Mailing-List: contact user-help@cassandra.apache.org; run by ezmlm
Precedence: bulk
Reply-To: user@cassandra.apache.org
Received-SPF: pass (nike.apache.org: local policy)
From: "Hiller, Dean" <Dean.Hiller@nrel.gov>
To: "user@cassandra.apache.org" <user@cassandra.apache.org>
Date: Thu, 28 Feb 2013 19:40:27 -0700
Subject: Re: best way to clean up a column family? 60Gig of dangling data
Thread-Topic: best way to clean up a column family? 60Gig of dangling data
Thread-Index: Ac4WJiLc/u1xqfCvTlenpFdtDtHxJg==
Message-ID: <CD556324.21B13%Dean.Hiller@nrel.gov>
In-Reply-To: <512FFC9B.9050200@cj.com>
Accept-Language: en-US
Content-Language: en-US
user-agent: Microsoft-MacOutlook/14.3.1.130117
acceptlanguage: en-US
Content-Type: text/plain; charset="us-ascii"
Content-Transfer-Encoding: quoted-printable
MIME-Version: 1.0

Cool, thanks for the trick.
Dean

On 2/28/13 5:55 PM, "Erik Forkalsud" <eforkalsrud@cj.com> wrote:

>
>Have you tried to (via jmx) call
>org.apache.cassandra.db.CompactionManager.forceUserDefinedCompaction()
>and give it the name of your SSTable file.
>
>It's a trick I use to aggressively get rid of expired data, i.e. if I
>have a column family where all data is written with a TTL of 30 days,
>any SSTable files with last modified time of more than 30 days ago will
>have only expired data, so I call the above function to compact those
>files one by one.  In your case it sounds like it's not expired data,
>but data that belongs on other nodes that you want to get rid of.  I'm
>not sure if compaction will drop data that doesn't fall within the nodes
>key range, but if it does this method should have the effect you're after.
>
>
>- Erik -
>
>
>On 02/27/2013 08:51 PM, Hiller, Dean wrote:
>> Okay, we had 6 nodes of 130Gig and it was slowly increasing.  Through
>>our operations to modify bloomfilter fp chance, we screwed something up
>>as trying to relieve memory pressures was tough.  Anyways, somehow, this
>>caused nodes 1, 2, and 3 to jump to around 200Gig and our incoming data
>>stream is completely constant at around 260 points/second.
>>
>> Sooo, we know this dangling data(around 60Gigs) is in one single column
>>family.  Node 1, 2, and 3 is for the first token range according to
>>ringdescribe.  It is almost like the issue is now replicated to the
>>other two nodes.  Is there any way we can go about debugging this and
>>release the 60 gigs of disk space?
>>
>> Also, the upgradesstables when memory is already close to max is not
>>working too well.  Can we do this instead(ie.

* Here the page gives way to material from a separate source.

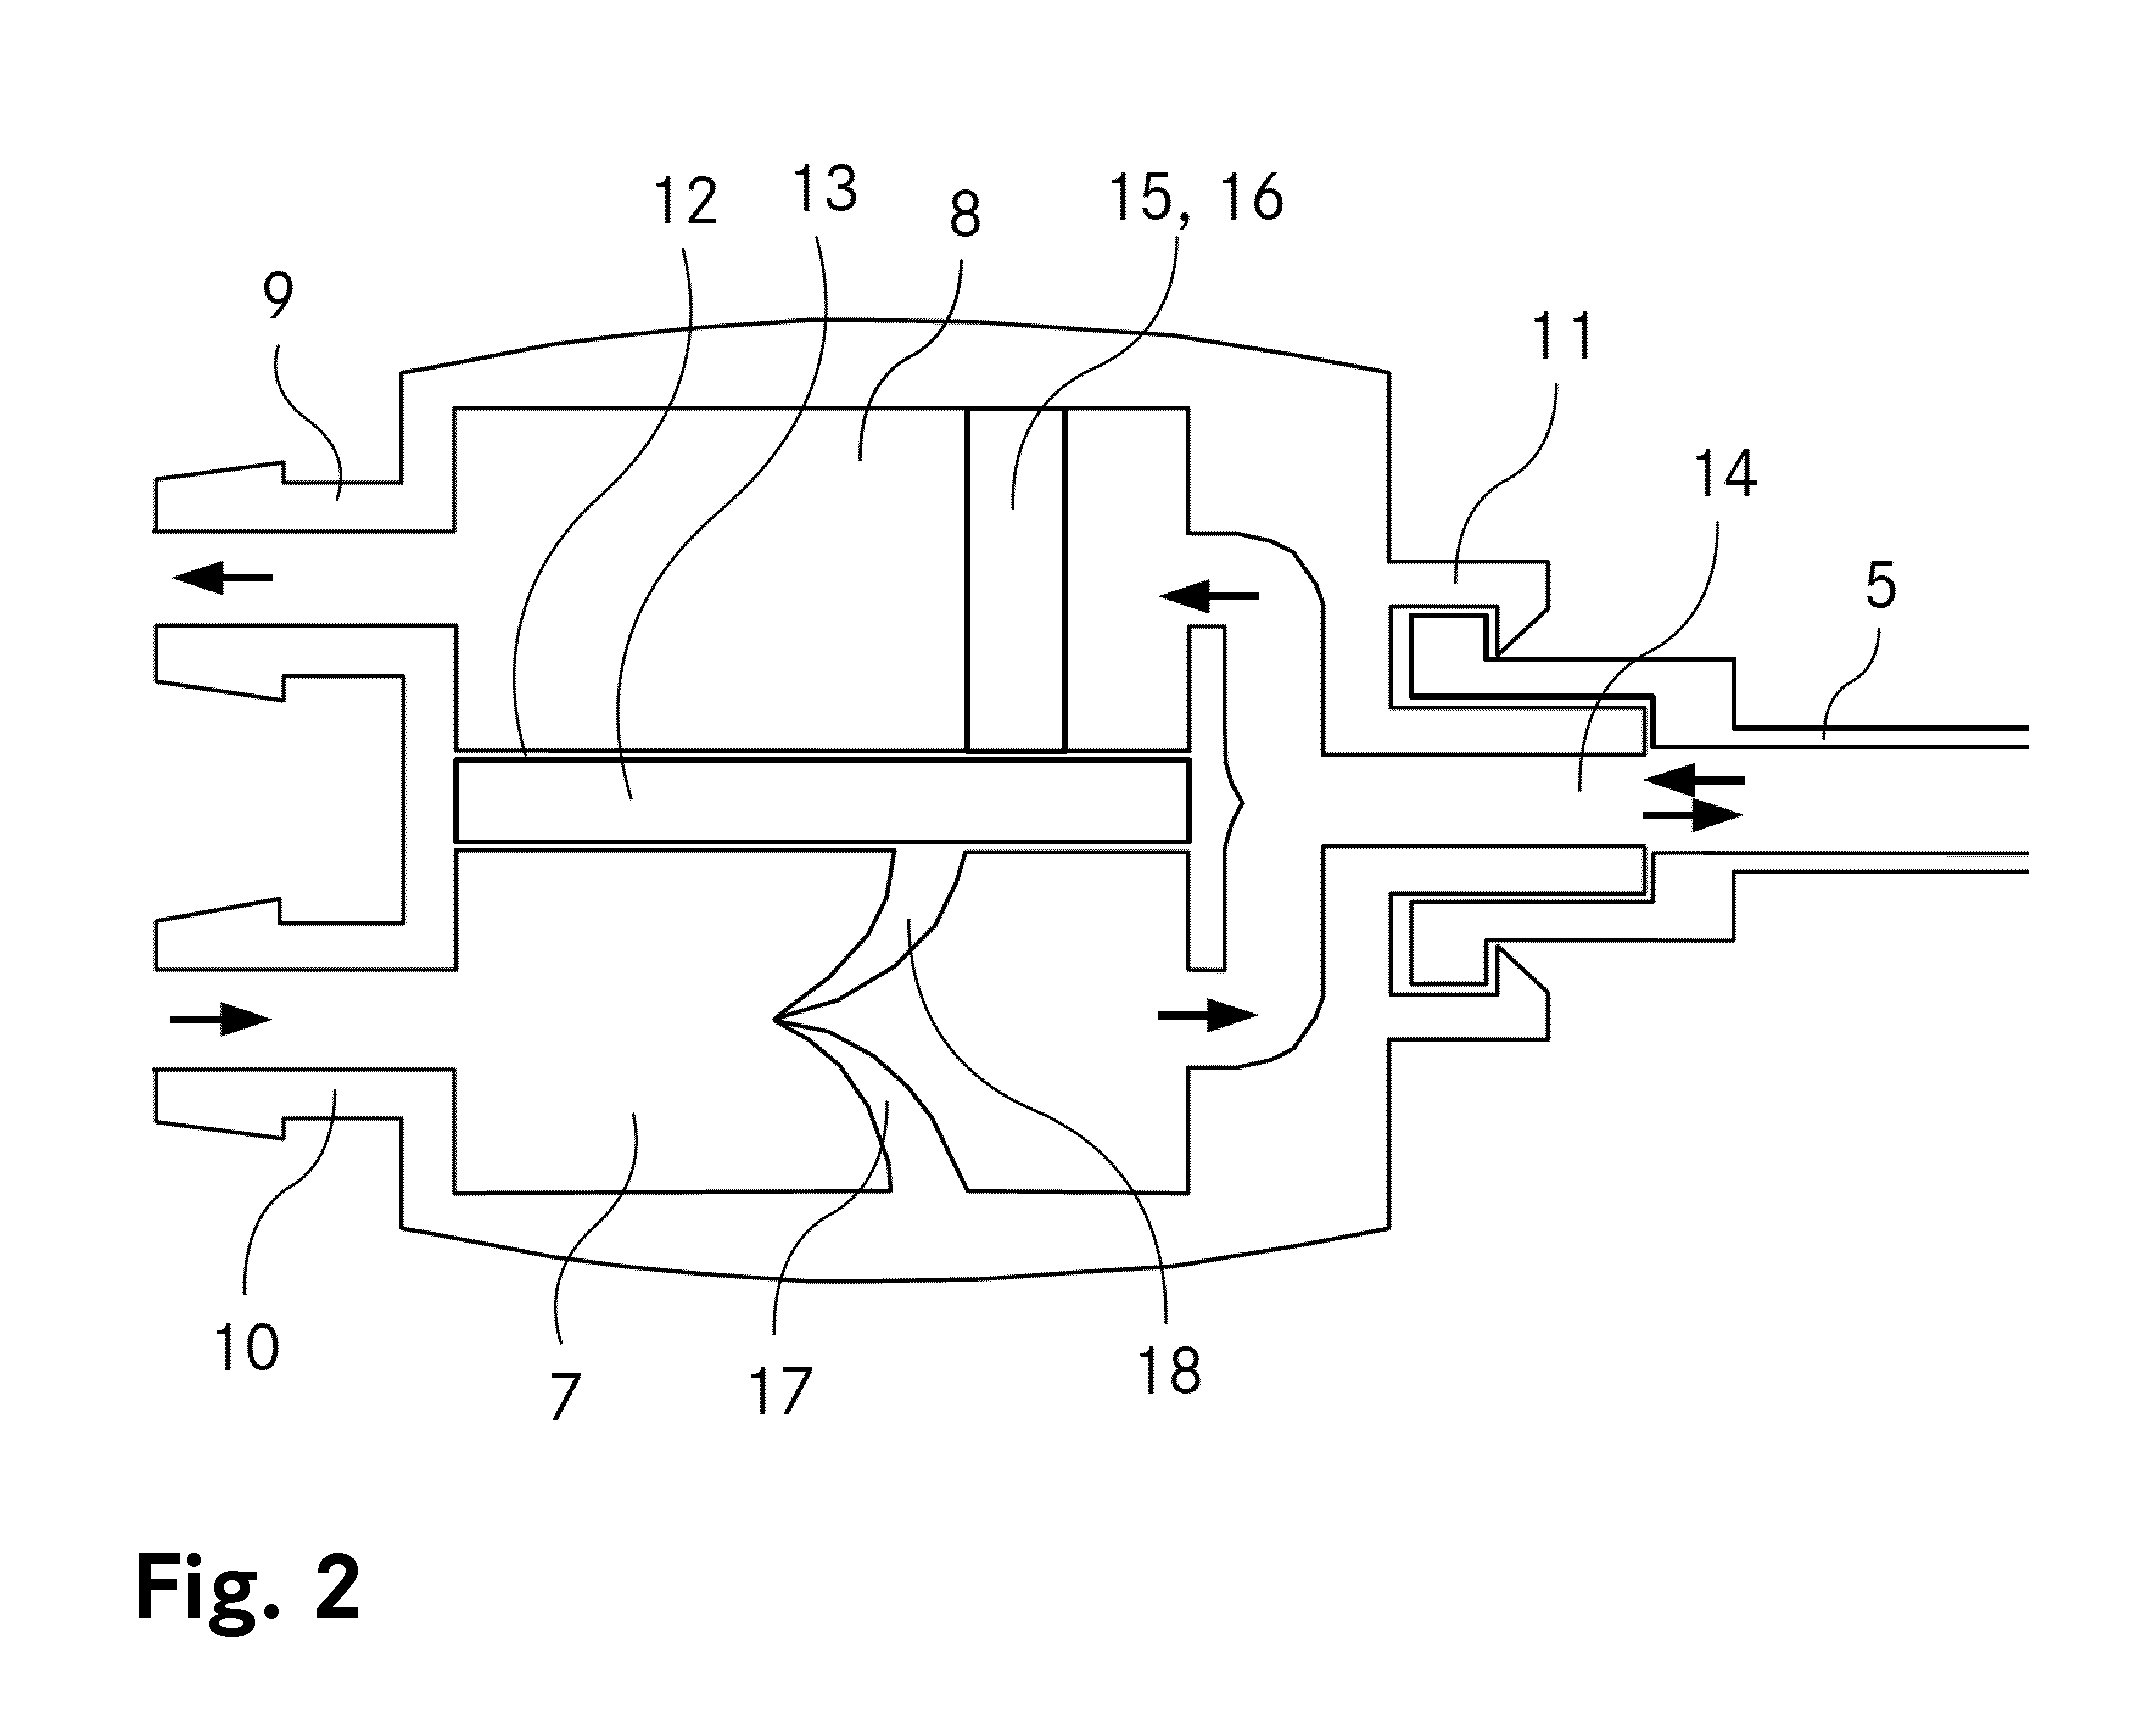 Suction and irrigation device

Is it safe?)?
>>
>>   1.  Bring down the node
>>   2.  Move all the *Index.db files to another directory
>>   3.  Start the node and run upgradesstables
>>
>> We know this relieves a ton of memory out of the gate for us.  We are
>>trying to get memory back down by a gig, then upgrade to 1.2.2 and
>>switch to leveled compaction as we have ZERO I/o really going on most of
>>the time and really just have this bad bad memory bottleneck(iostat
>>shows nothing typically as we are bottlenecked by memory).
>>
>> Thanks,
>> Dean
>